Domino's and McDonalds are exceptions with regard to the verification effect. Verified customers are 52% more positive (than non-verified customers) about Domino's and 38% more positive about McDonald's. This may be an indication of the emphasis these companies place on purchasing positive endorsements.
#Building Popularity & Positivity
Another measure of brand favorability is the 'favorite count' (the equivalent of 'liking' a post on Facebook). In the sample, favorite count is heavily skewed (84% of tweets have 0 favorites, while the top tweet has 857).

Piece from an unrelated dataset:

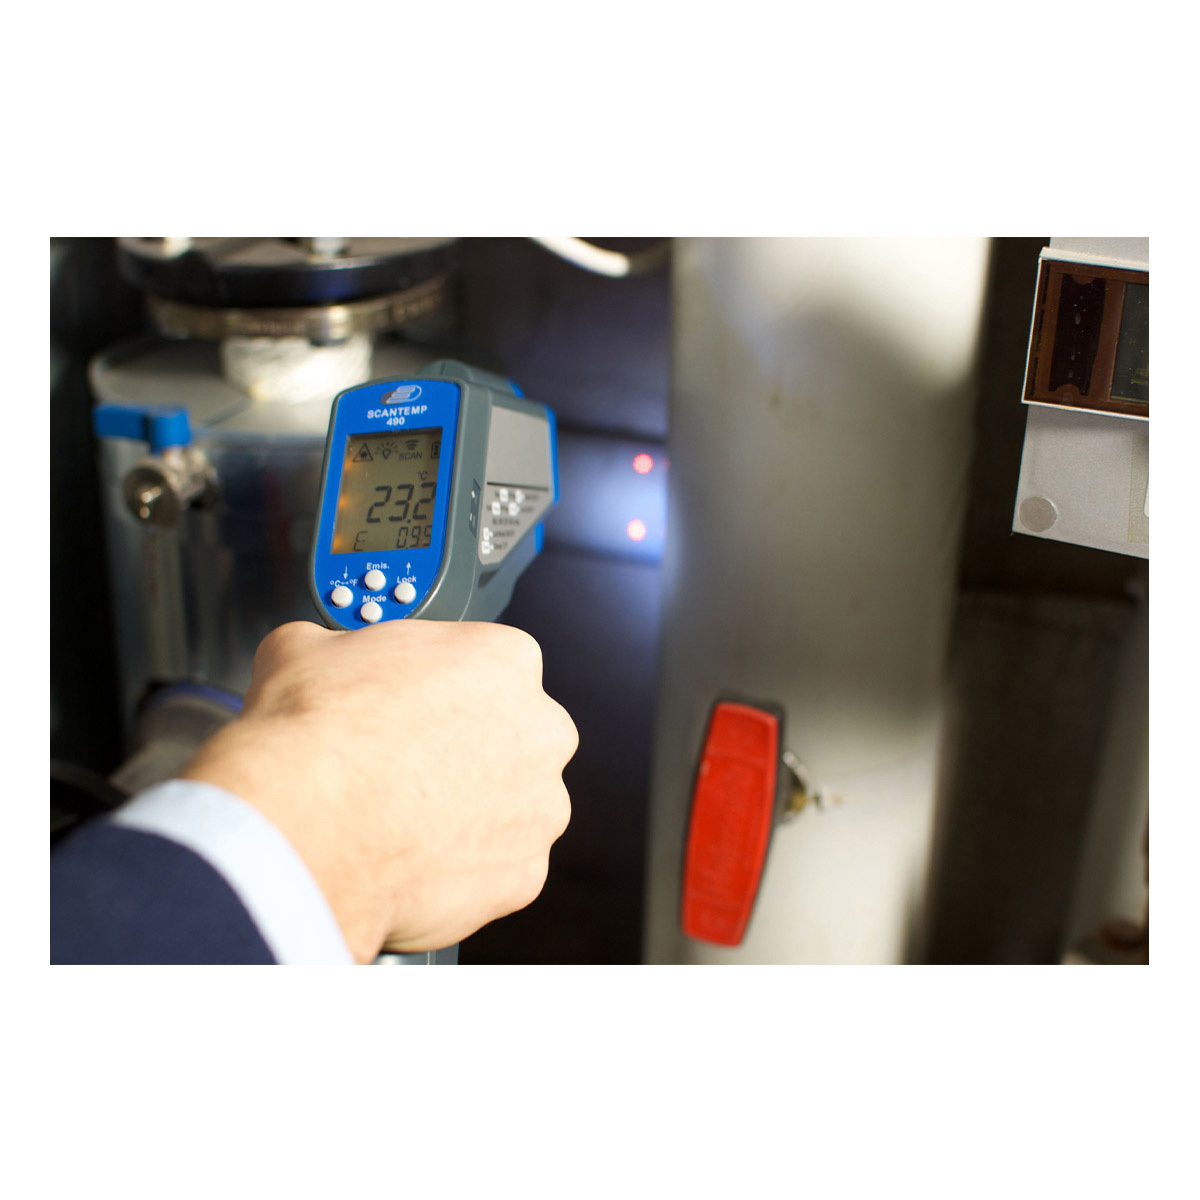 31-1123-k-infrarot-thermometer-scantemp-490-anwendung-1200x1200px.jpg

Below you can see the mean sentiment score contrasted with the mean favorite count.
As you can see above, there is no obvious visual (or quantitative for that matter) correlation between mean favorite count and mean sentiment. This runs against the influence of hypercriticism (the idea that the public perceives negative statements to be more intelligent, making them more popular) and instead suggests that, at least in this sample, neither positivity nor negativity drive the popularity of a tweet. Therefore, it may be no fool's errand to encourage positive customer tweeting (ex. through clever hashtags) in the hopes of virility and boosting sales/favorability.
This is in marked contrast to the favorite count of a company's own tweets, which has a positive correlation with overall brand favorability (0.31 Pearson correlation). This is not a contradiction. It makes intuitive sense that having more customers willing to favorite company tweets (inevitably positive or neutral in sentiment) would indicate more customers willing to tweet their own positive reaction to the brand.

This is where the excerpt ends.